The executive committee meets in between the three years to decide upon matters that arise.

=== Office Bearers ===
President: Most. Rev. Alexios Mar Eusebius

==== Vice Presidents ====

- Mr. Shibi Peter
- Major Asha Justin
- General Secretary: Adv. Prakash P. Thomas

== Member Churches ==

1. Believers Eastern Church
2. Chaldean Syrian Church
3. Church of God in South India
4. CSI East Kerala Diocese
5. CSI Madhya Kerala Diocese
6. CSI North Kerala Diocese
7. CSI South Kerala Diocese
8. St. Thomas Evangelical Church of India Fellowship
9. Jacobite Syrian Christian Church
10. Malabar Independent Syrian Church
11. Malankara Orthodox Syrian Church
12. Malankara Syrian Knanaya Archdiocese
13. Malankara Mar Thoma Syrian Church
14. The India Evangelical Lutheran Church
15. Bible Faith Mission Church The Salvation Army Church

== Emblem ==

The Emblem of the Council consists of a circular image with a coconut tree, sea and a boat with the motto "You shall be my Witness" engraved around.

== Desks ==
There are five desks handling five areas that are deemed important by the KCC. Each desk is headed by a faculty elected by the executive committee of KCC.
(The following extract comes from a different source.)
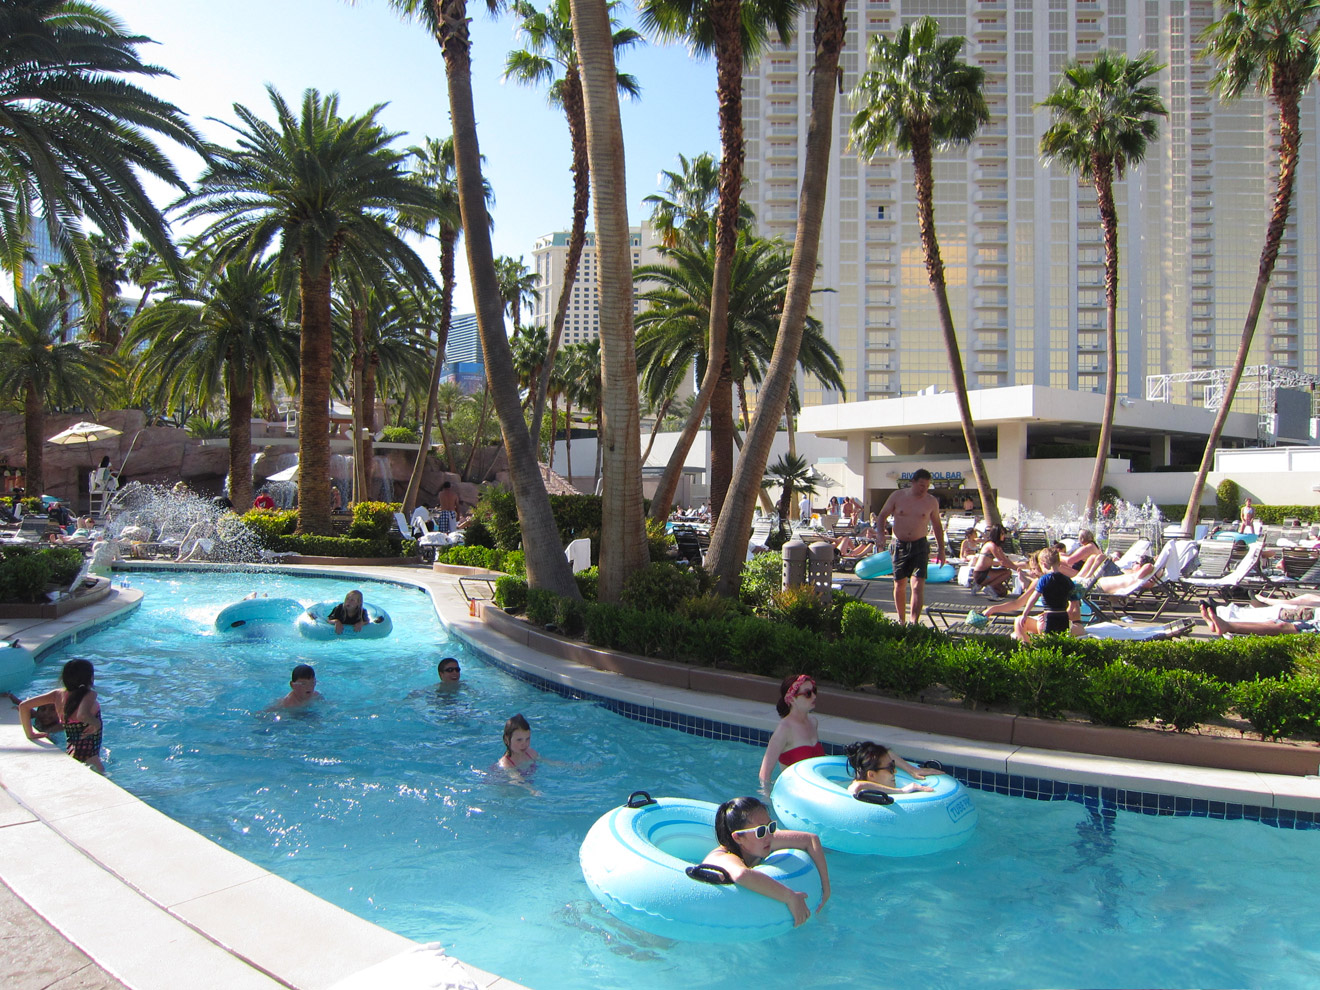 Kid-Friendly Hotels in Las Vegas & Hotels in Vegas for Families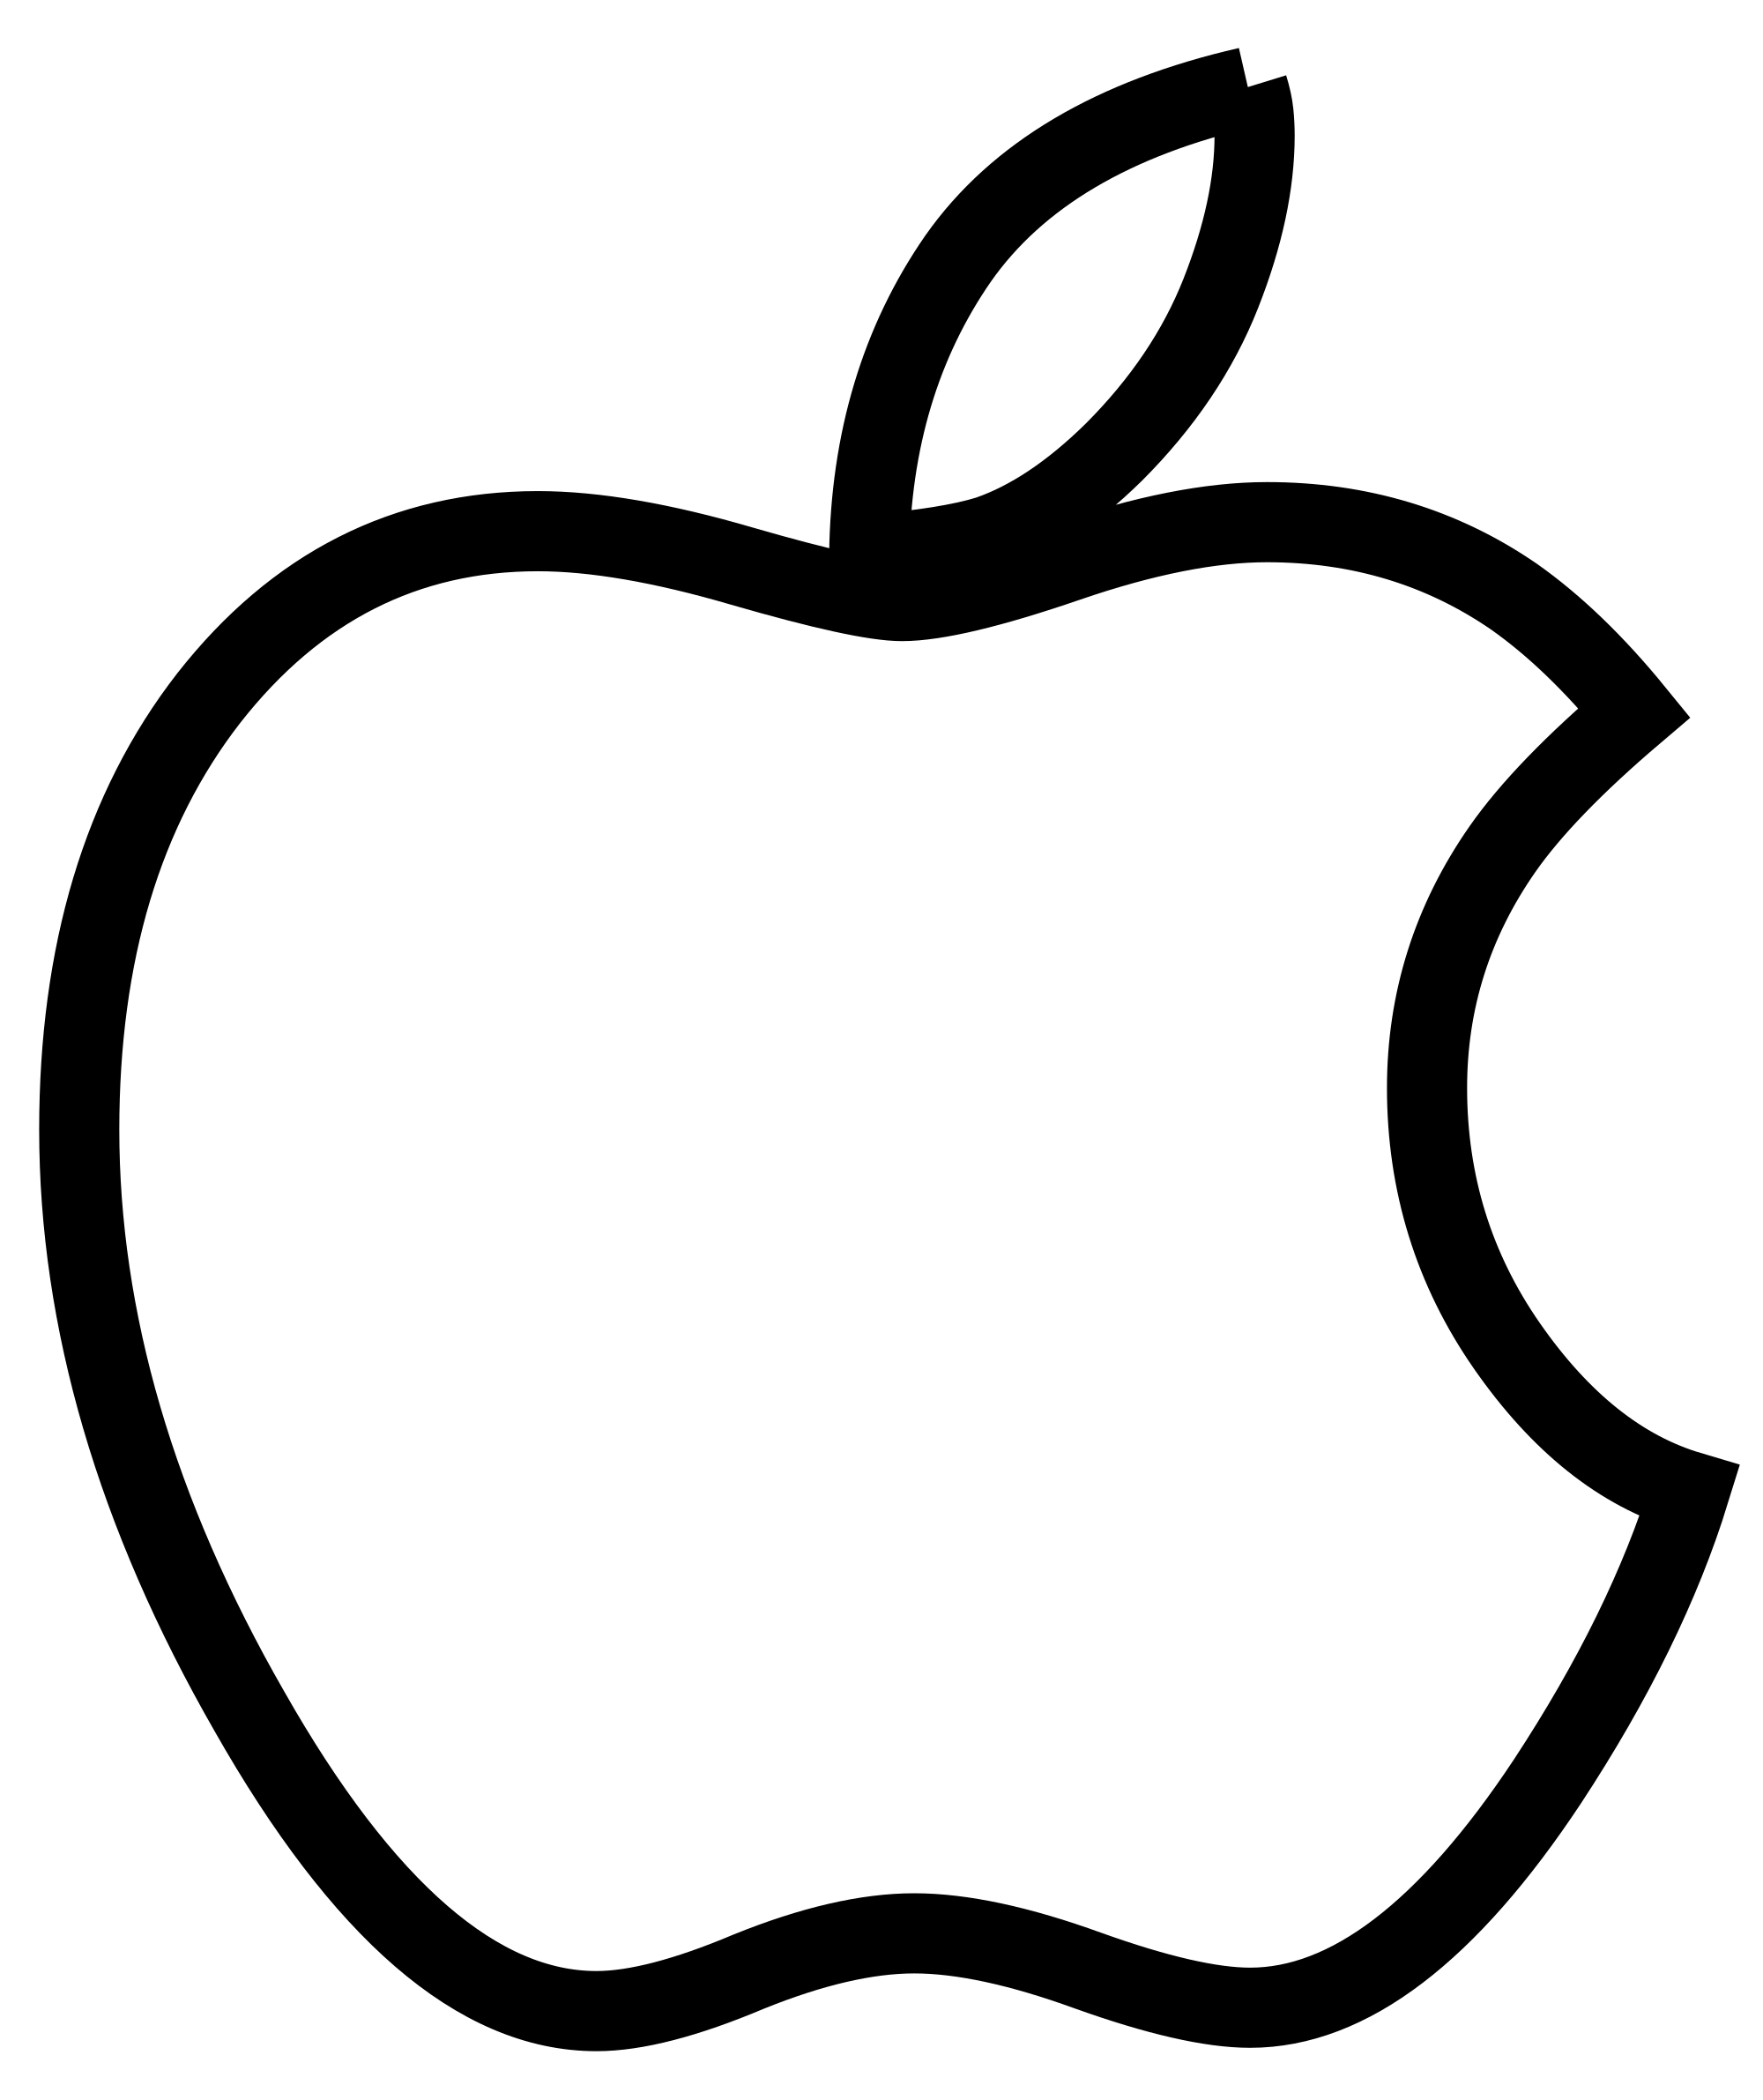 Black and White Apple Logo - Apple inc banner stock black and white

- Youth and Communication Desk /EYF
- Women and Ecology Desk /EWF
- Dalit, Tribal and Social Concerns Desk
- Faith & Unity, Dialogue, and Pastoral & Evangelistic Desk
- Education and Current Affairs Desk

== Commissions and Regional Zones ==
The council has constituted various commissions to give particular attention to issues that need extra attention. The commissions are headed by chairpersons elected from the delegates at the General assembly. Commissions on Youth, Social Concern, Dialogue, Women, Environment, Current Affairs, and Education currently function.

The council also has various regional zones in the different parts of the Kerala state. They include Thiruvalla, Trivandrum, Ernakulam, Ranni, Kollam, Aluva, Kumbanad, Malappuram, Kottayam, Kottarakkara etc.